Юлия от неожиданности так и вперилась в этот непристойный отросток, не постигая умом, как человек знатного происхождения может позволить себе такой ужас!

Пан Жалекачский издал довольное урчанье, не сомневаясь, что пригожая гостья очарована сим знаком его шляхетского гонора, а Юлия устремила беспомощный взор на пани Катажину, желая уж лучше сделаться жертвой ревности сей лютой пани, нежели предметом посягательств ее супруга, способного внушить только отвращение, но уж никак не вожделение. Однако, к ее отчаянию, пани Жалекачскую не волновало сейчас ничто на свете, кроме ее визави по танцам, коего эта Цирцея уже обратила в угодника своих вакхических утех: во всяком случае, он безотчетно выделывал все фигуры полонеза и нимало не противился, когда при сближении пани шаловливой ручкой откровенно шарила у него между ног. Поистине, именно про сих супругов было некогда сказано мудрейшими: «Муж и жена – одна сатана!»

Повинуясь мелодии, пары разошлись, двинулись по кругу, чтобы вновь сойтись, и когда впереди замаячила отворенная дверь, мимо которой надлежало пройти, Юлия уже знала, что она сейчас сделает: кинется туда опрометью, и… и… она не знала, что будет дальше: затаится ли в каком-нибудь закоулке, бросится ли вон из замка, однако игрушкою хозяев не станет! Ноги ее невольно ускорили шаг, но хохоток, раздавшийся за спиною:

– Ниц с тэго не бендзе! [48] – заставил ее ноги подогнуться.

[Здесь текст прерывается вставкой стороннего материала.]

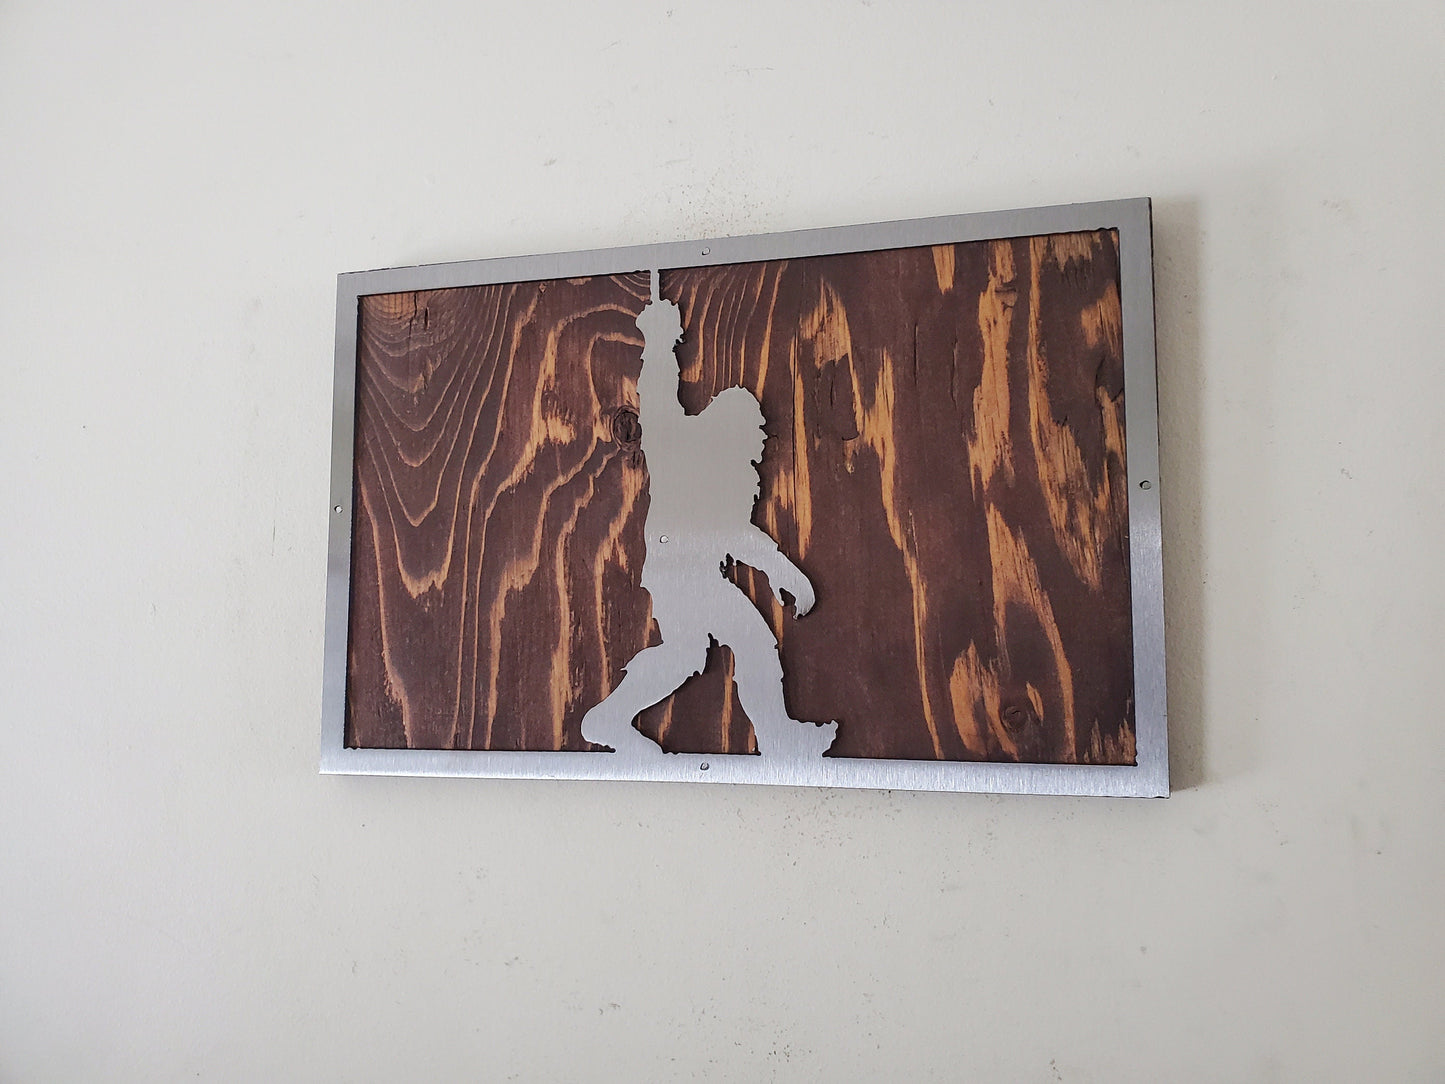 Bigfoot Giving the Finger | Sasquatch Metal Art on Wood | Funny Sign Wall Art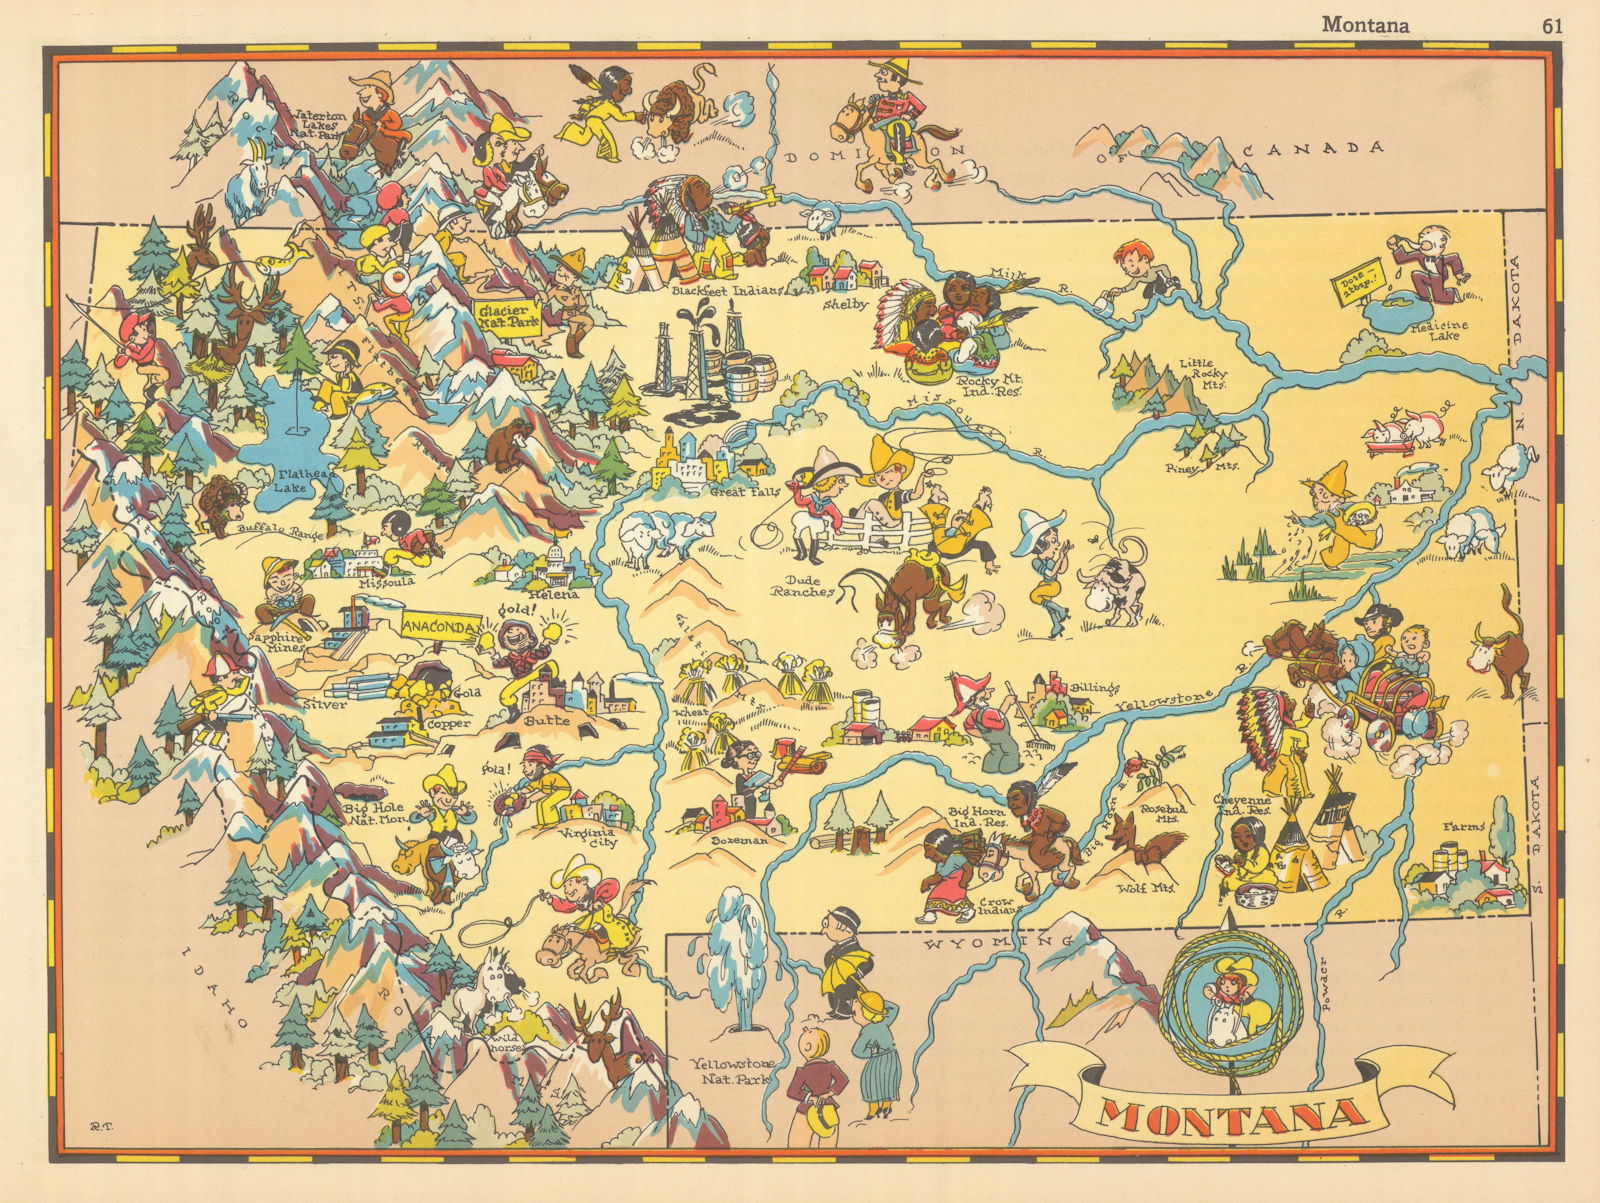 Montana. Pictorial state map by Ruth Taylor White 1935 old vintage chart

Ах, дьявольщина! За нею же выплясывает сама пани хозяйка, которая, верно, почуяла настроение гостьи. Уж она-то, одержимая похотью к тому безвольному панку, не даст просто так исчезнуть новой игрушке супруга, иначе он может и заметить забавы жены. Расчеты пани Жалекачской вмиг сделались ясны Юлии, но она уже не собиралась останавливаться. Надо резко обернуться, чтобы хозяйка от неожиданности отпрянула, схватить ее за руку, сильно дернуть к себе и ударом под колено сбить с ног – только таким хитрым образом, которому Юльку еще в детстве научили в имении, можно будет осилить обильную телосложением пани! – а пока та будет поднимаема толпой угодников, Юлия окажется свободна. Что сделает с беглянкой эта фурия, ежели удача все же изменит, о том лучше не думать! Однова живем, а волков бояться – в лес не ходить! До двери оставалось шагов несколько, и Юлия уже знала, где остановится и резко обернется, как вдруг… Она едва не закричала от разочарования, когда какой-то заморенный мужичонка ворвался в залу, едва протиснувшись меж тяжелых портьер, и, бухнувшись на колени, закричал истошным криком, сдергивая с косматой головы засаленную шапчонку:

– Ой, слушайте, что скажу, вельможный пан, ясная пани! Мы вам гостя привезли! Нового гостя! Слушайте скорее, вот его уже несут.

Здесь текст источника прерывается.